Aim of the exercise >> Each line from the one with "Ballsey ボールジィ ウール100%" through the last line of the material is to be printed exactly; no other line and no picture belongs in the copy.
** Dataset extract follows **
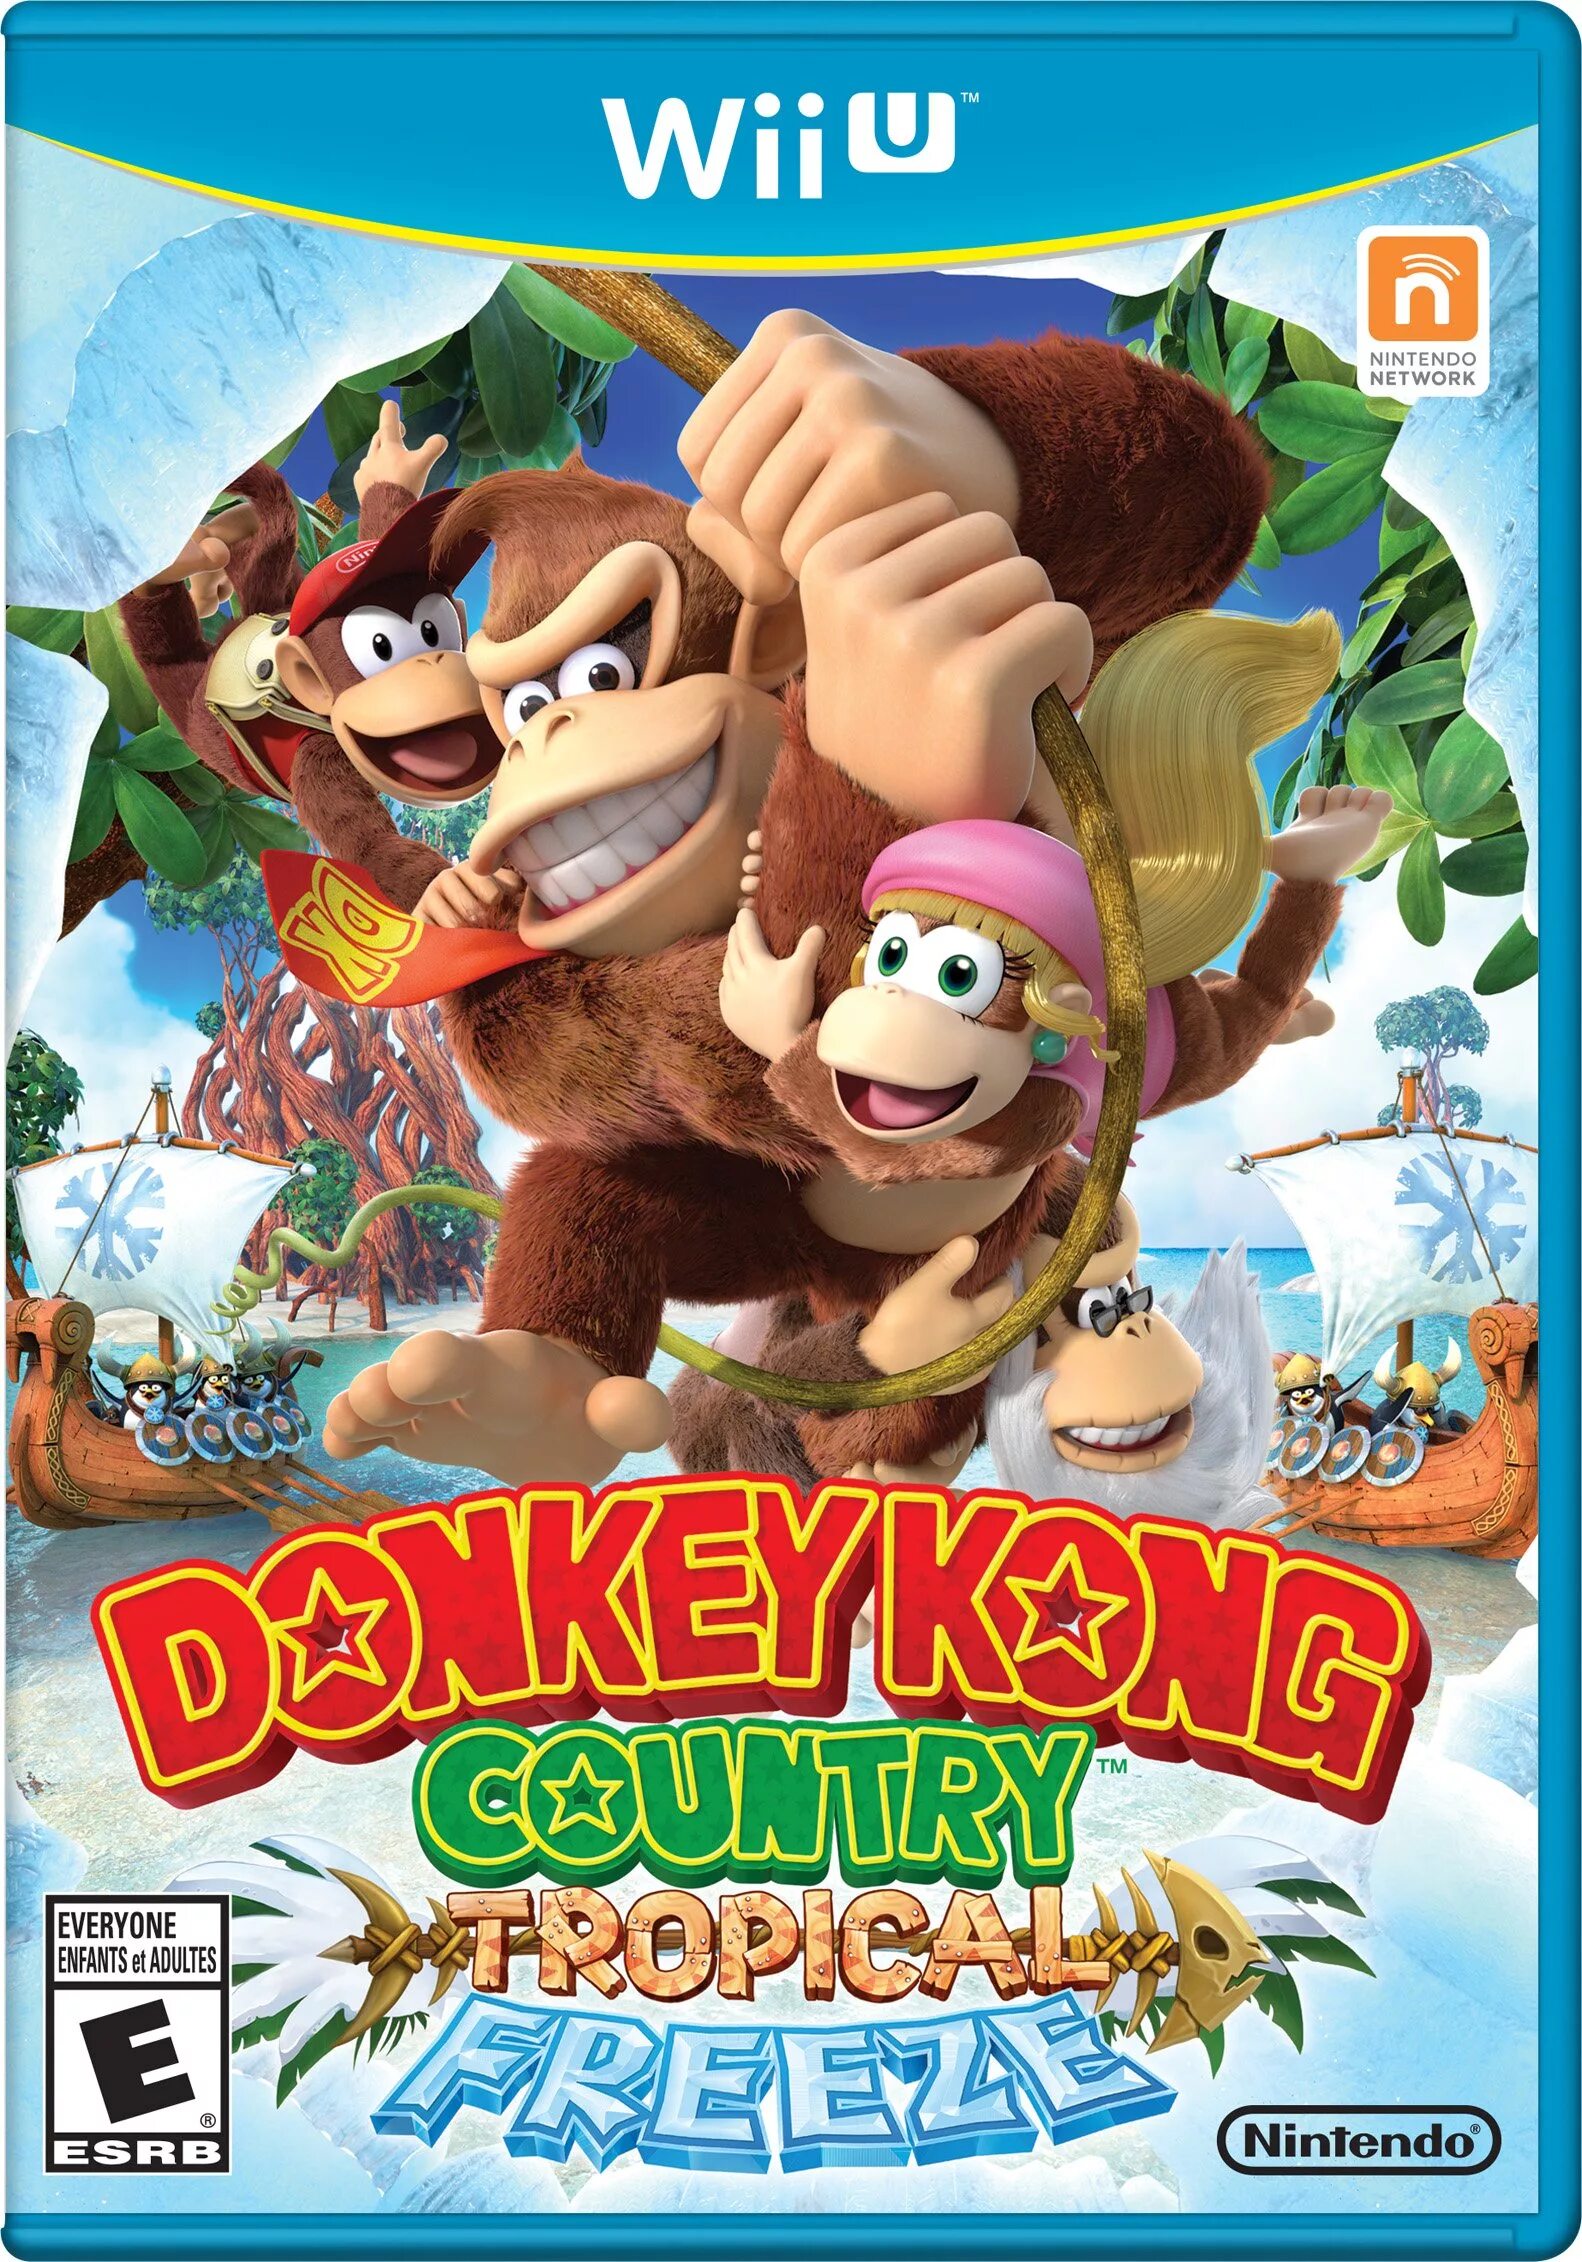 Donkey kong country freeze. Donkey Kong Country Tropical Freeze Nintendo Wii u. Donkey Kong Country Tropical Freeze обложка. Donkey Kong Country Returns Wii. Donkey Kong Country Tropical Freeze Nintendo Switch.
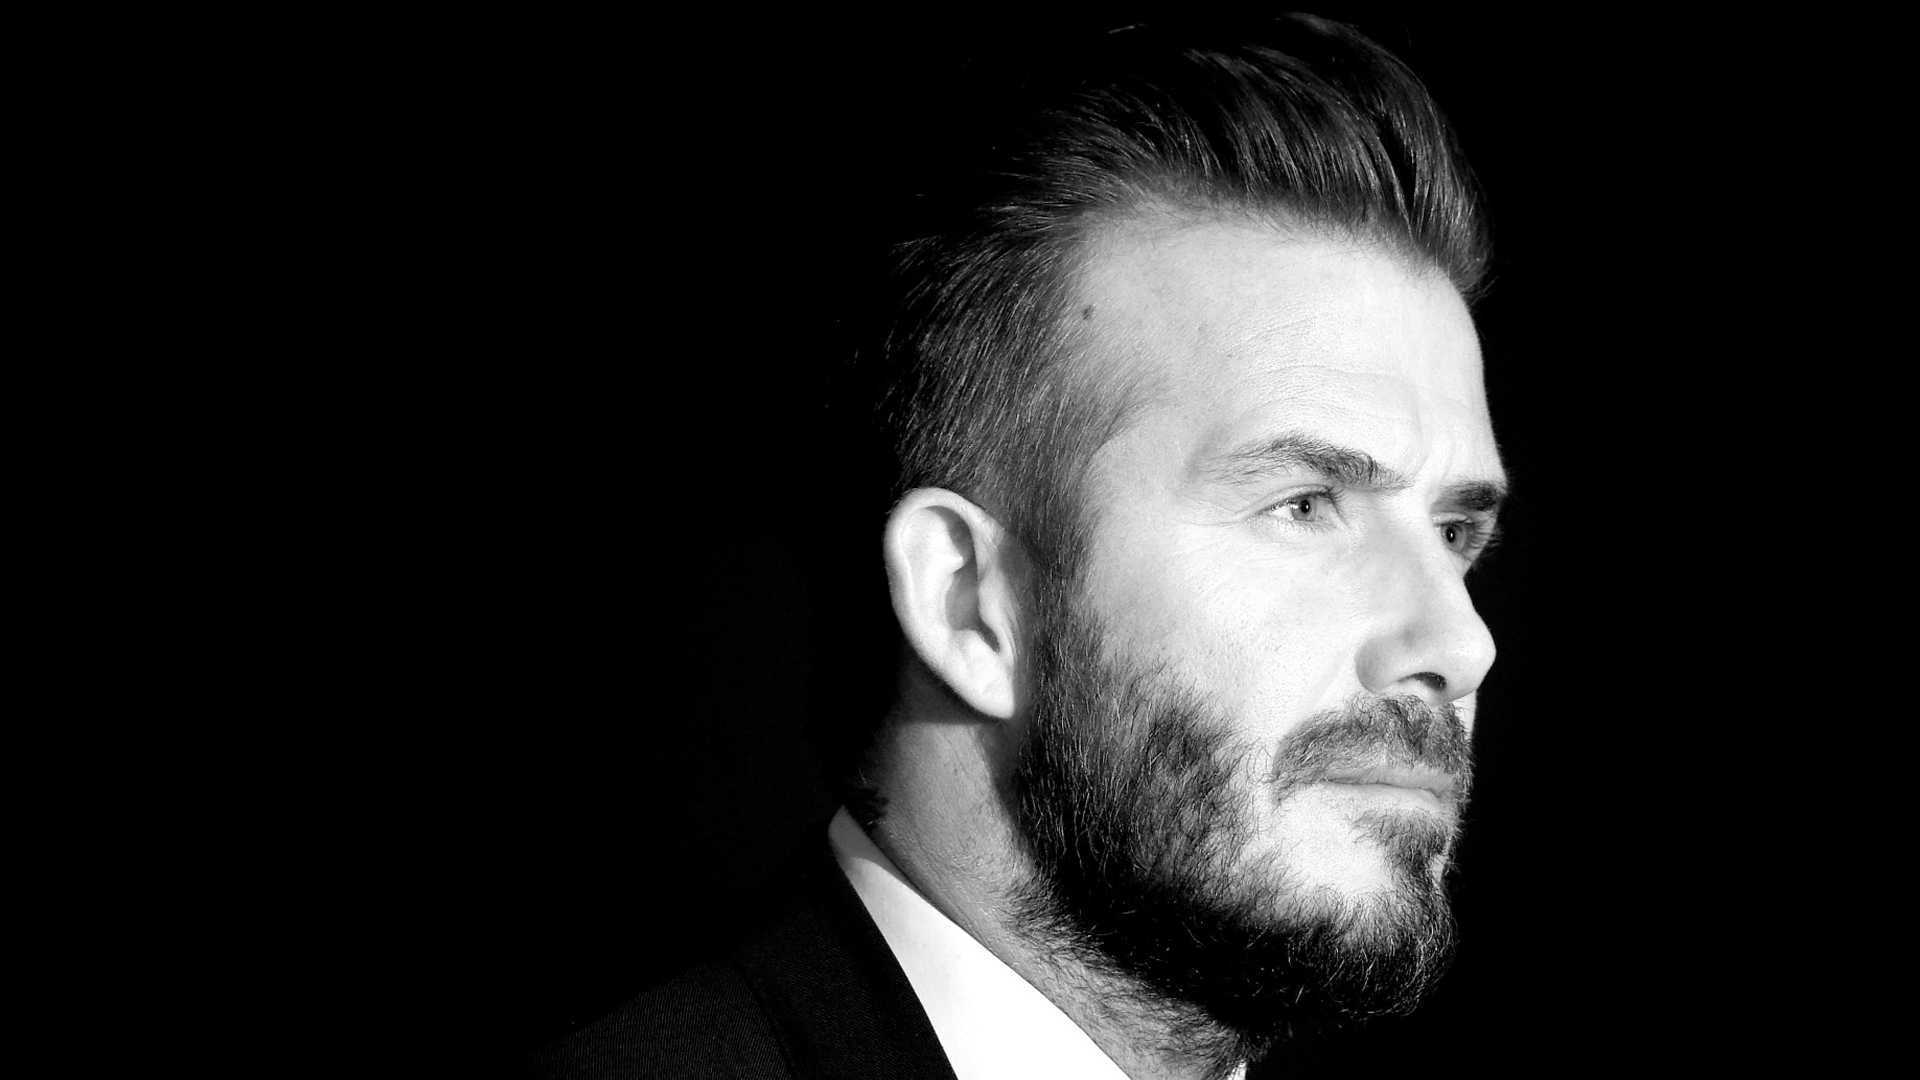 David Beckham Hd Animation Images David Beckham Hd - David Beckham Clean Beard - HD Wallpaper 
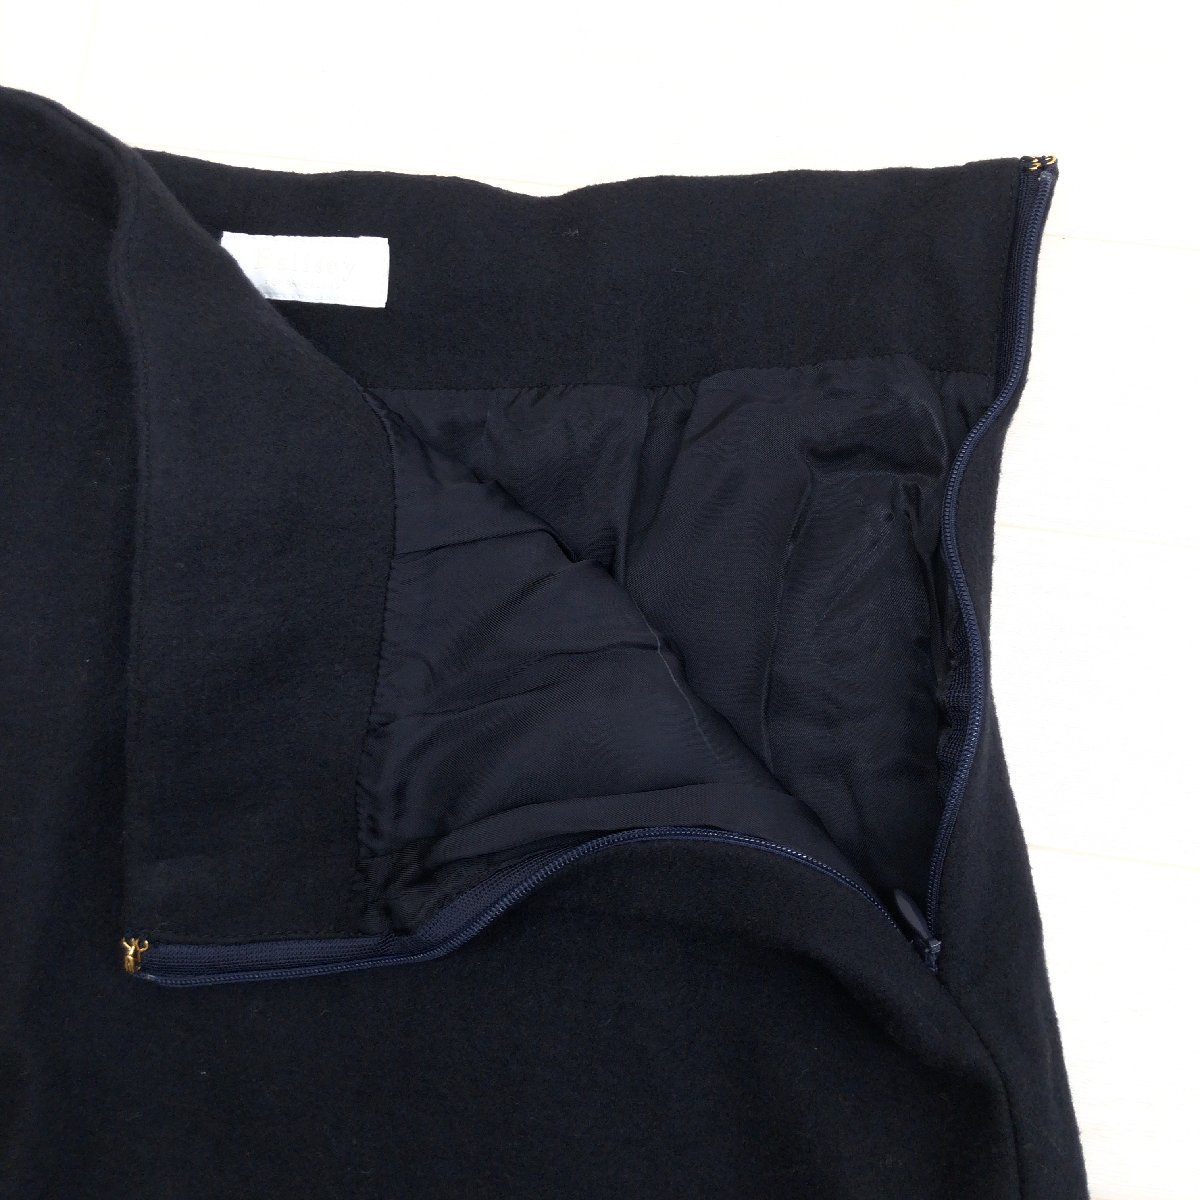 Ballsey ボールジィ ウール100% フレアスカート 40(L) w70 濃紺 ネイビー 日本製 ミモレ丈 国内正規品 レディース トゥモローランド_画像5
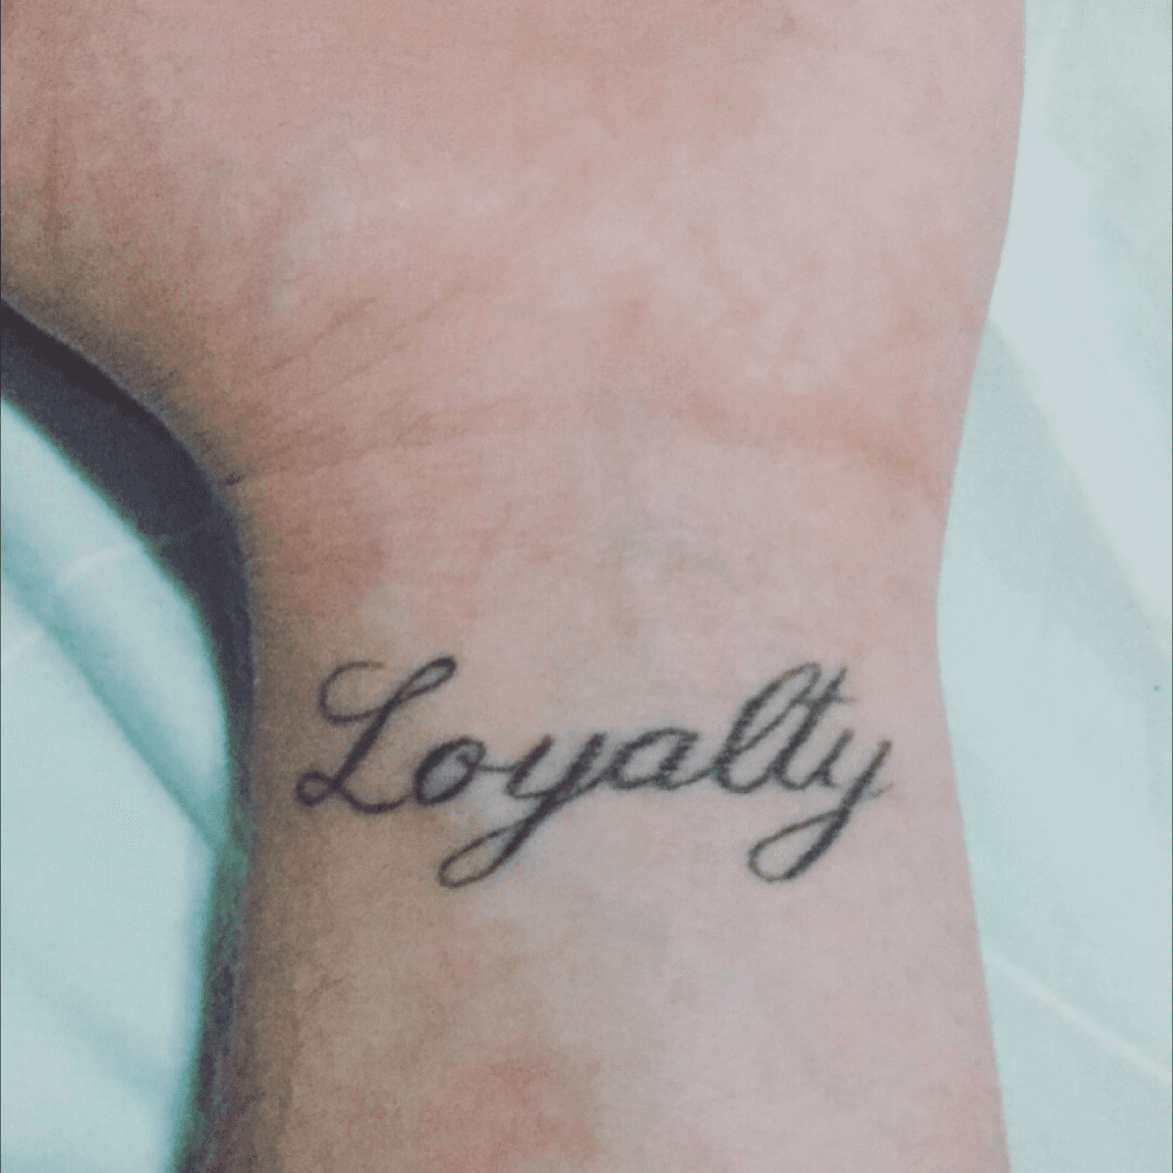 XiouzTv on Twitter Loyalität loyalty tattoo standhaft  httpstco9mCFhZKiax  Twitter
** End of Dataset extract **
Result for this exercise >>
 Ballsey ボールジィ ウール100% フレアスカート 40(L) w70 濃紺 ネイビー 日本製 ミモレ丈 国内正規品 レディース トゥモローランド_画像5
 XiouzTv on Twitter Loyalität loyalty tattoo standhaft  httpstco9mCFhZKiax  Twitter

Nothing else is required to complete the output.